Exercise:
Transcribe the data exactly, omitting whatever pictures it holds.
START Raw data
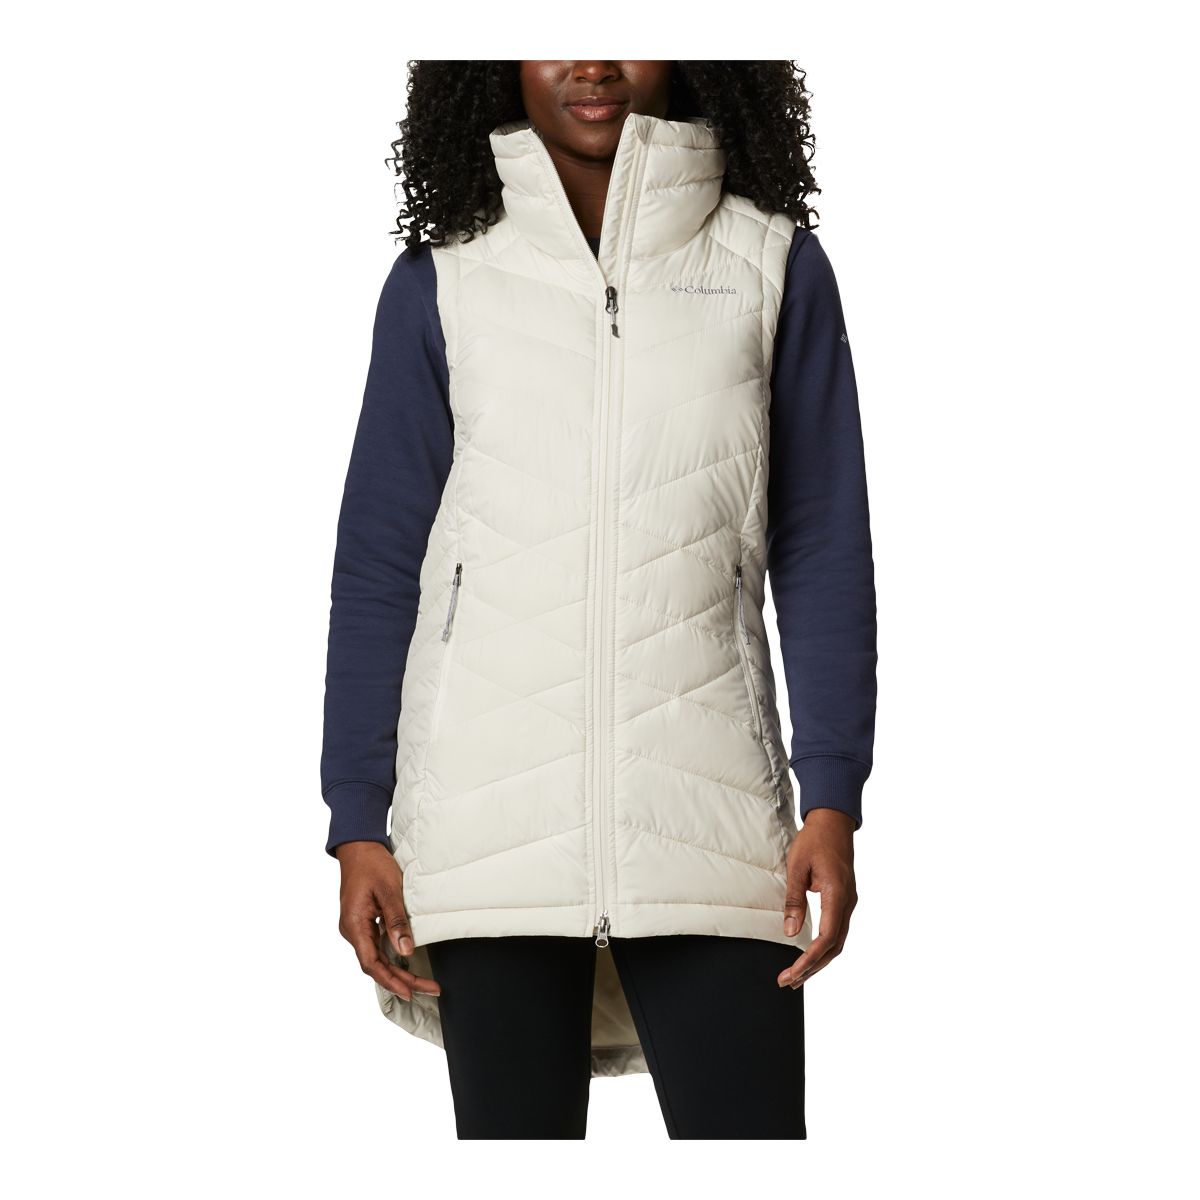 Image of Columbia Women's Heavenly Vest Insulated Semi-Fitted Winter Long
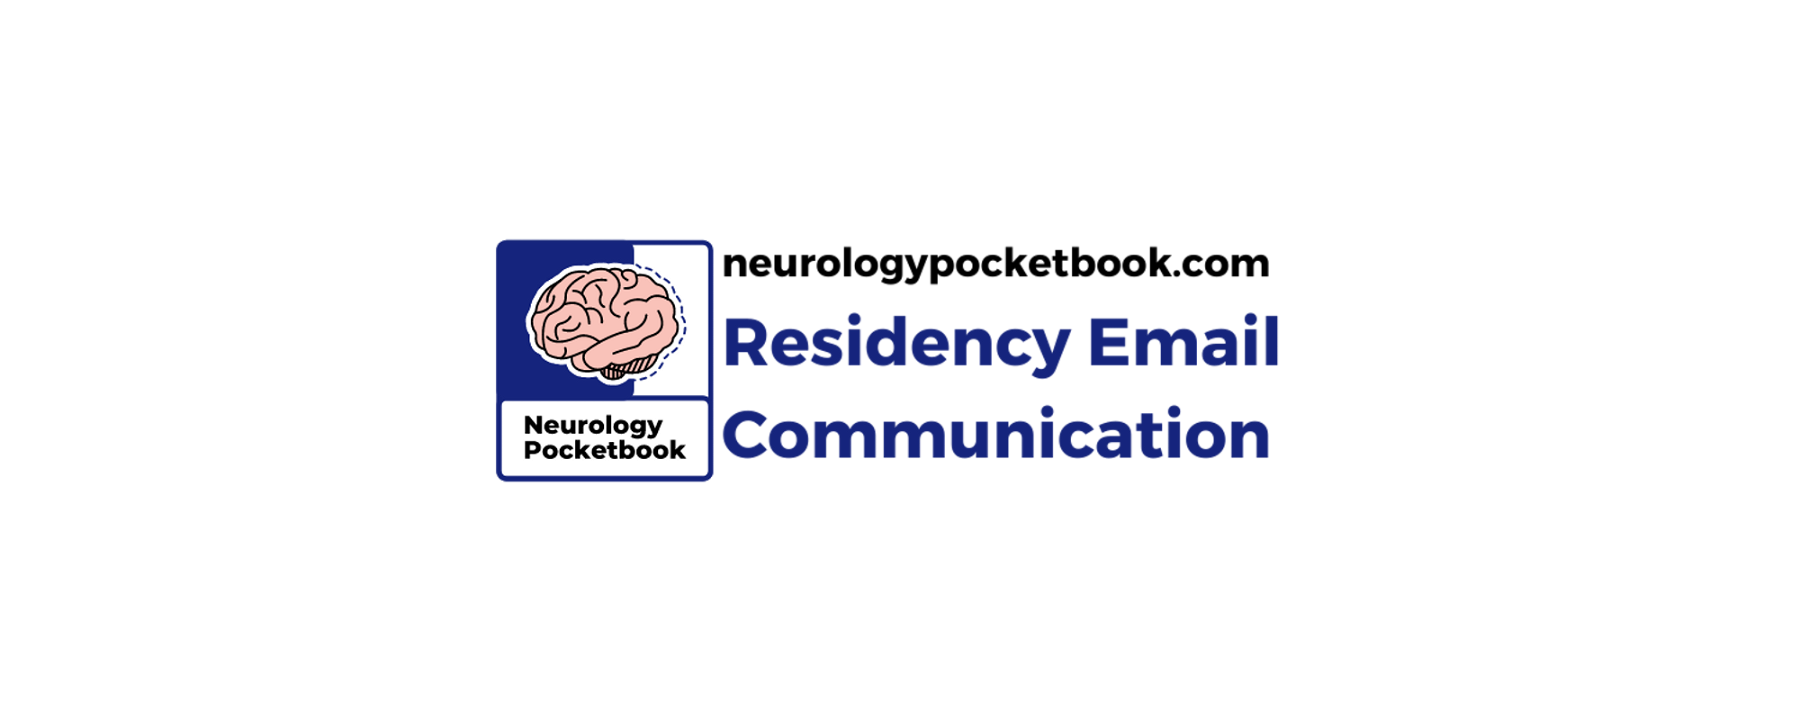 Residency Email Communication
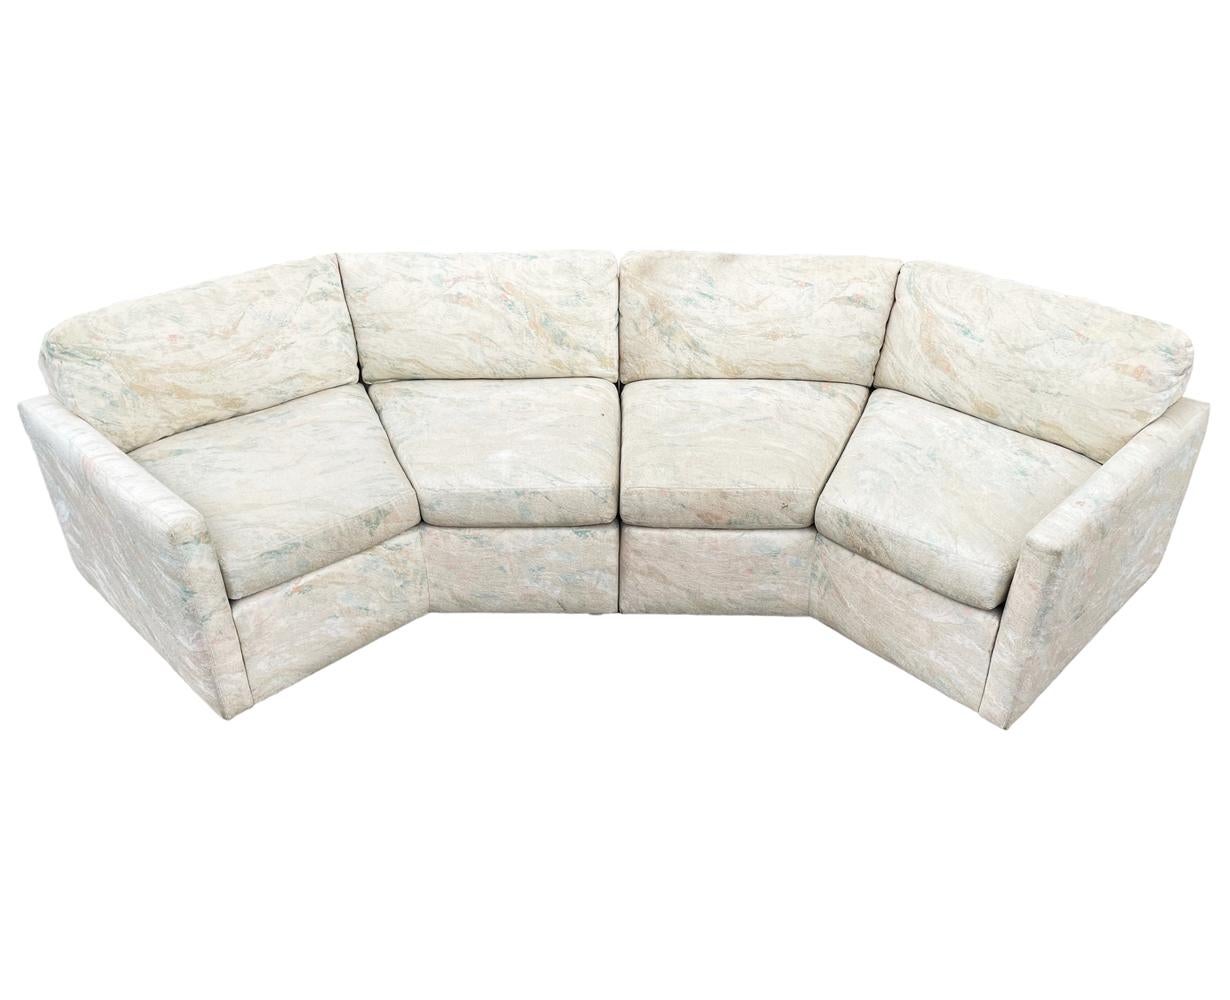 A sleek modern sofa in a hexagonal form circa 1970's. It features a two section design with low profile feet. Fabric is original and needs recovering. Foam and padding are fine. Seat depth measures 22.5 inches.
END Raw data
Task result:
 Image of Columbia Women's Heavenly Vest Insulated Semi-Fitted Winter Long
 Residency Email Communication
 A sleek modern sofa in a hexagonal form circa 1970's. It features a two section design with low profile feet. Fabric is original and needs recovering. Foam and padding are fine. Seat depth measures 22.5 inches.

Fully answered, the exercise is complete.